● **Work instructions**: In the entries below, find the line with "Re-Nylon Prada Re-Edition 2000 Mini-Bag" and print exactly every line from there up to and including the line with "Risto Cafe' Diferente, in piazza a Ostuni", with no other lines.

● **Source information**:
********************

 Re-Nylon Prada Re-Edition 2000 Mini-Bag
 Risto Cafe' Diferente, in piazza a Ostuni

********************

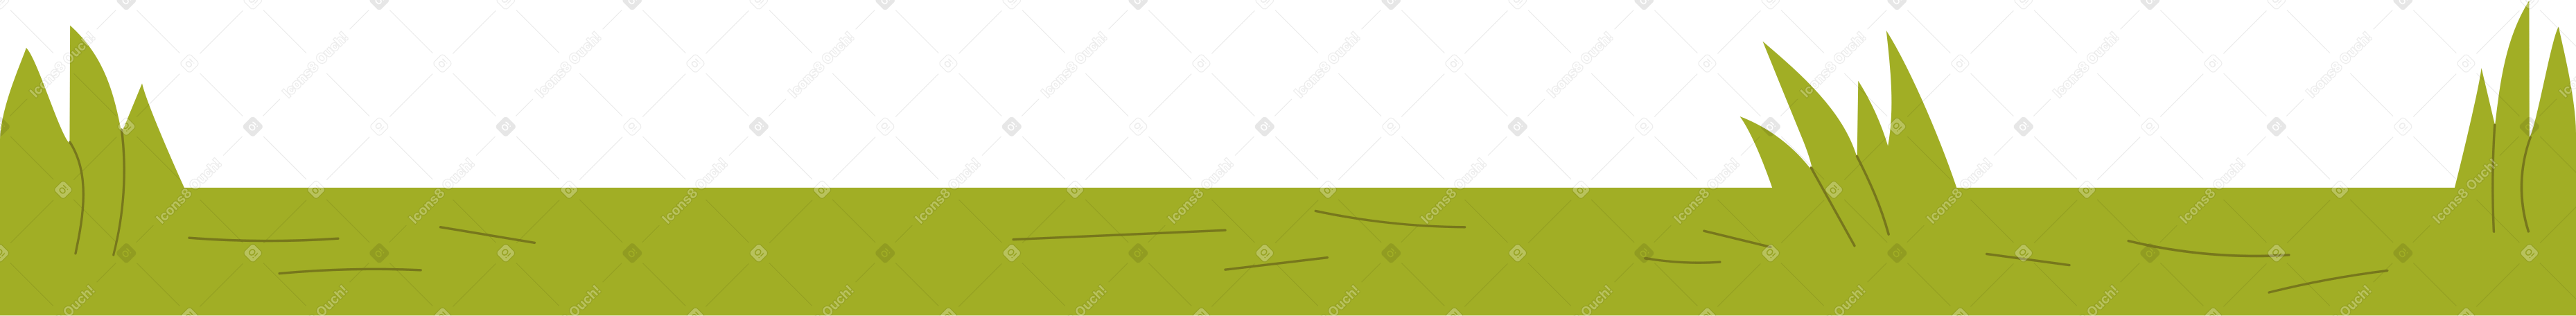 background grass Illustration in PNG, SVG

********************

● **Response**:
 Re-Nylon Prada Re-Edition 2000 Mini-Bag
 Risto Cafe' Diferente, in piazza a Ostuni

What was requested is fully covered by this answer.